Algorithm 2. Static offloading (all servers)

figure b

HybOff requires verification that heavy servers surpass the average load of the cell. In this algorithm, offloading occurs independently within each cell once a server is categorized as heavy. To establish the appropriate categorization criteria for servers, the average utilization ratio of each cell must first be calculated. Equation (9) provides the formula for categorizing each cell:

$${Cel}_{i}^{RU\%}=\frac{{\sum }_{x=1}^{{Cel}_{i}^{Sz}}({Fn}_{x}^{RU\%}\times {Fn}_{x}^{\varphi })}{({Cel}_{i}^{Sz}-\sum {Fn}^{\varphi })}$$
(9)

where, \({Cel}_{i}^{RU\%}\) represents the average utilization ratio for cell i, and \({Fn}_{\varphi }\) is 1 if the fog server is active and 0 otherwise. The cell servers will not initiate offloading until the categorization criteria are met. In this algorithm, if \({Fn}_{i}^{RU\%}\ge {Cel}^{RU\%}\), \({Fn}_{i}\) is considered a heavy server; otherwise, it is categorized as a healthy server. This condition deactivates the algorithm when all servers are not overloaded. For example, if all cell servers have a low load, no offloading process will commence, and each server will manage its workload locally. Thus, we can define this cell as a balanced cell, a feature that significantly benefits network bandwidth.
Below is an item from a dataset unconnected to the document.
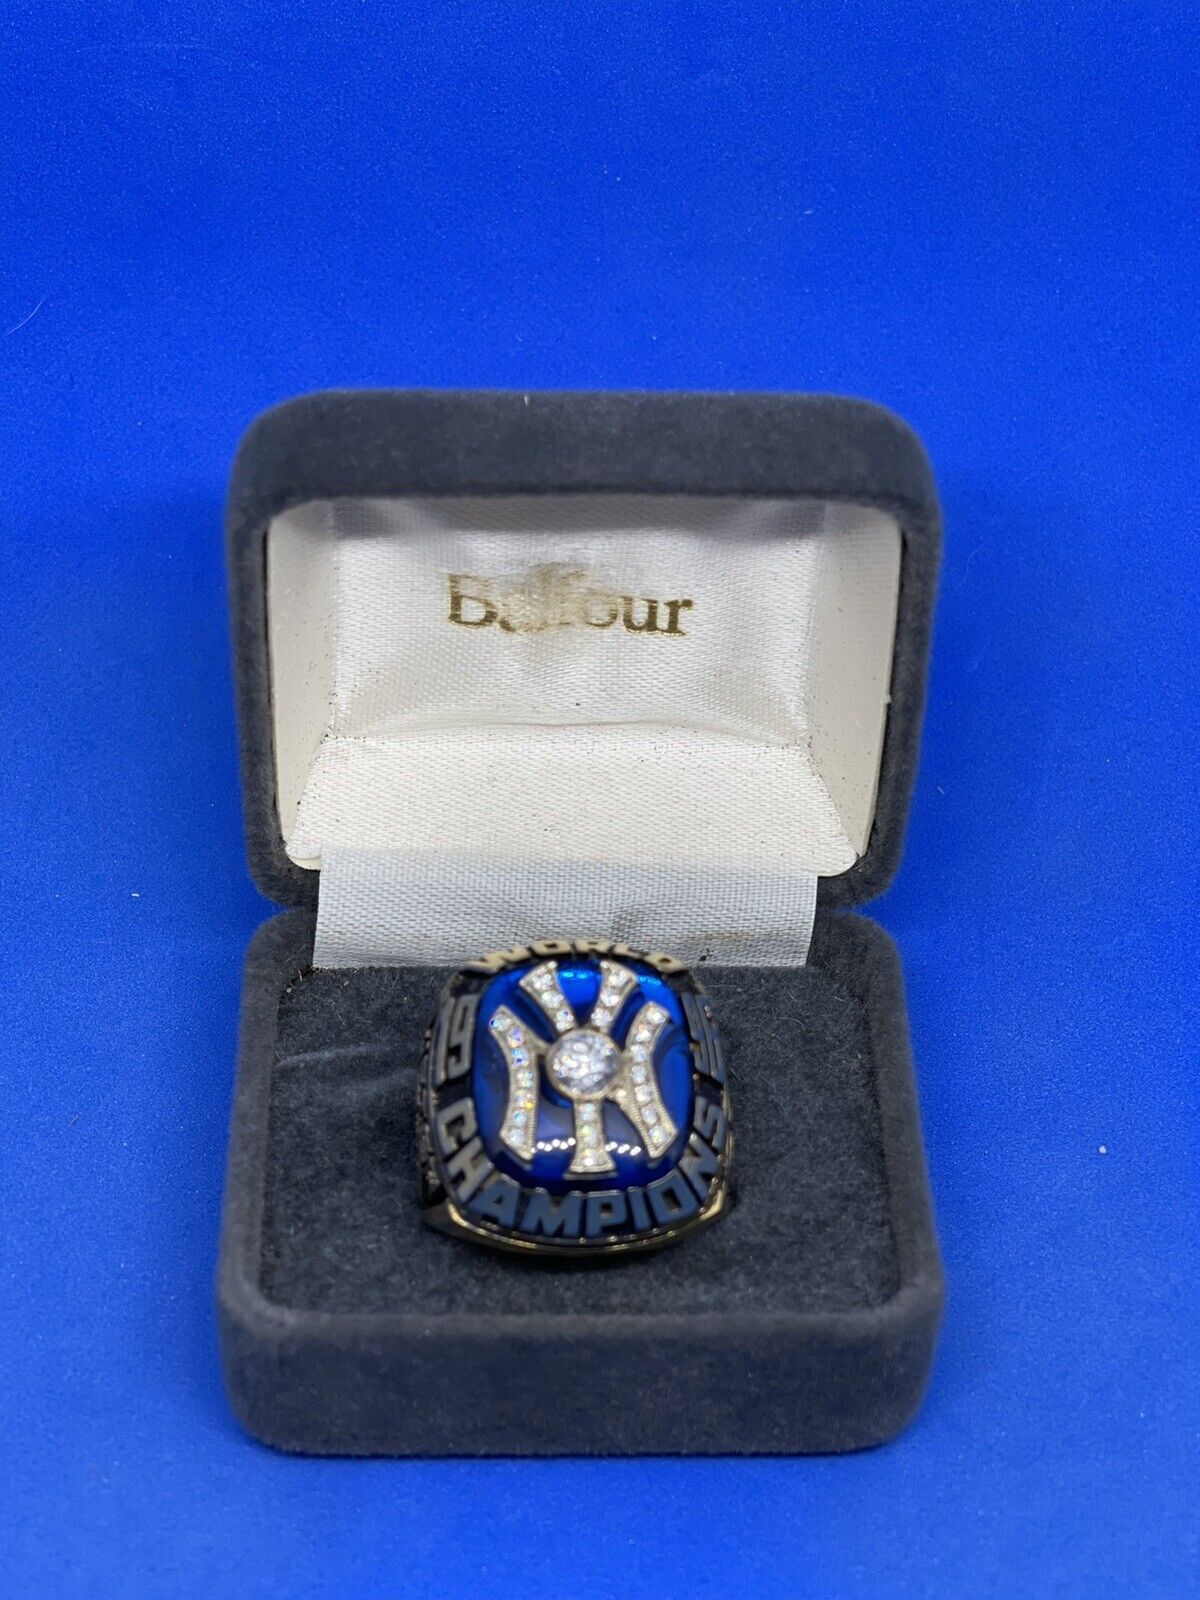 Derek Jeter Salesman Sample 1996 World Series Ring 1/1 Balfour box Case Yankees
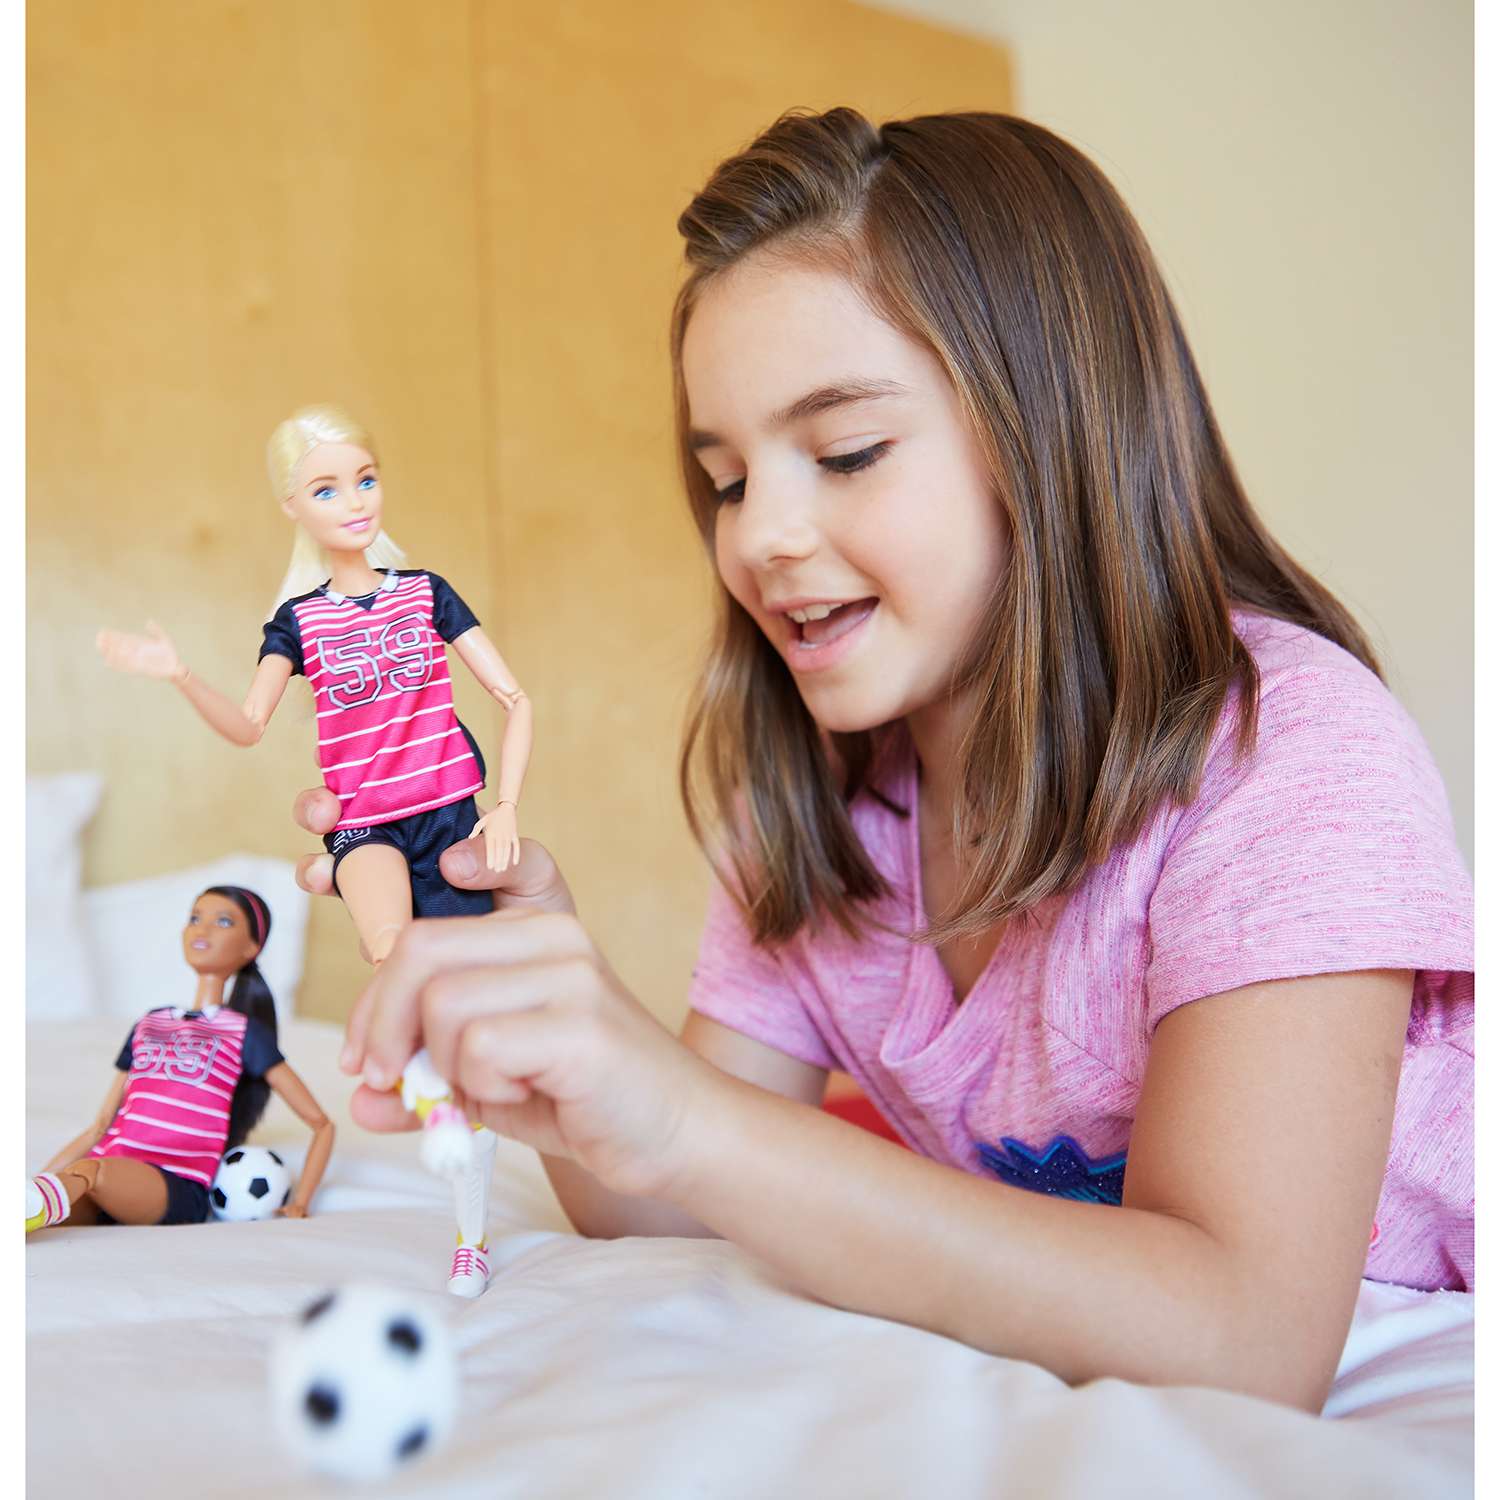 Малышка крепко держала кукол. Девочка играет в куклы. Девочки играют. Девушка играет в куклы. Куклы для девочек.

Let us consider an illustrative example to comprehend the relationships among cell servers. In previous Fig. 5, if the clustering algorithm forms a cell with five fog servers, the first server, after ranking in the SOT, has a utilization percentage of \({Fn}_{1}^{RU\%}=\omega\). It is important to note that there are variations in the utilization percentages among the sequentially ranked servers, denoted as \({\mu }_{1}, {\mu }_{2}, {\mu }_{3}\), and \({\mu }_{4}\) in our calculations. In this example, we have two CPDs, \({CPD}_{1}\) and \({CPD}_{2}\), each with a unique utilization reading. However, to calculate the RU for the ith pair, we need to apply the following relationship:

$${CPD}_{i}^{RU\mathrm{\%}}(i,{Cel}_{i}^{Sz})=2\omega +{\sum }_{a=1}^{i-1}{\mu }_{a}+{\sum }_{b=1}^{{Cel}^{Sz}-i}{\mu }_{b}$$
(10)

where \({{\text{CPD}}}_{i}^{\mathrm{RU\%}}\) represents the utilization percentage of \({CPD}_{i}\) in the cell. Using Eq. (10), \({CPD}_{1}\) contains \({Fn}_{1}\) and \({Fn}_{5}\), while \({CPD}_{2}\) contains \({Fn}_{2}\) and \({Fn}_{4}\). When the load reaches the average cell load, \({Fn}_{4}\) and \({Fn}_{5}\) will offload their workloads to \({Fn}_{1}\) and \({Fn}_{2}\), respectively. \({Fn}_{3}\) operates independently as it has an adequate load. In cases where the number of cell servers is even, all servers are included in computing pairs. The utilization percentage in each pair is as follows:

$${CPD}_{1}^{RU\%}=2\omega +{\mu }_{1}+{\mu }_{2}+{\mu }_{3}+{\mu }_{4.}$$
(11)
$${CPD}_{2}^{RU\%}=2\omega +{\mu }_{1}+{\mu }_{1}+{\mu }_{2}+{\mu }_{3}$$
(12)

Unfortunately, there is no mathematical relation that can predict μ. For simplicity, we assume that the utilization value between each sequential server is constant \(\left({\mu }_{1} ={\mu }_{2} =\cdots ={\mu }_{\left(sz-1\right)} =\mu \right)\). If so, we can conclude that: \({CPD}_{1}^{RU\%}={CPD}_{2}^{RU\%}=2\omega +4\mu\), which represents the utilization percentage for any CPD in the previous example. In other words, HybOff equalizes the loaded pairs cell-wise. This work predicts the RU% for the cooperative pair servers using the following formula:

$${CPD}^{RU\%}\left({Cel}_{i}^{Sz}\right)=2\omega +\left({Cel}_{i}^{Sz}-1\right)\mu$$
(13)

Mathematically, all CPDs in the cell have the same load. However, the load of CPDs depends on the number of fog servers in the cell. For example, after the clustering algorithm builds the cells, \({Cel}_{a}\mathrm{ and }{Cel}_{b}\) contain 6 and 13 servers, respectively. According to Eq. (13), \({CPD}_{a}^{RU\%}=2\omega +5\mu\), and \({CPD}_{b}^{RU\%}=2\omega +12\mu\). This means that the amount of shared computational load for each CPD increases with the cell size.

The proposed algorithm

The identified drawbacks will be effectively addressed through the integration of the cell concept within our hybrid offloading framework. In this design, Fog servers are structured into cells, where each server pairs up for resource sharing. Our proposed algorithm is aimed at maintaining consistent average load levels across Fog servers within each cell, and you can visualize the algorithm's flowchart in Fig. 7.

Fig. 7
figure 7

HybOff process flowchart

As depicted in the figure, this hybrid LB algorithm capitalizes on the strengths of static and dynamic offloading strategies. Our proposed algorithm brings five crucial enhancements to fog load balancing:

  • Reintroduction of static offloading: We are reintegrating the efficiency of static offloading into our approach.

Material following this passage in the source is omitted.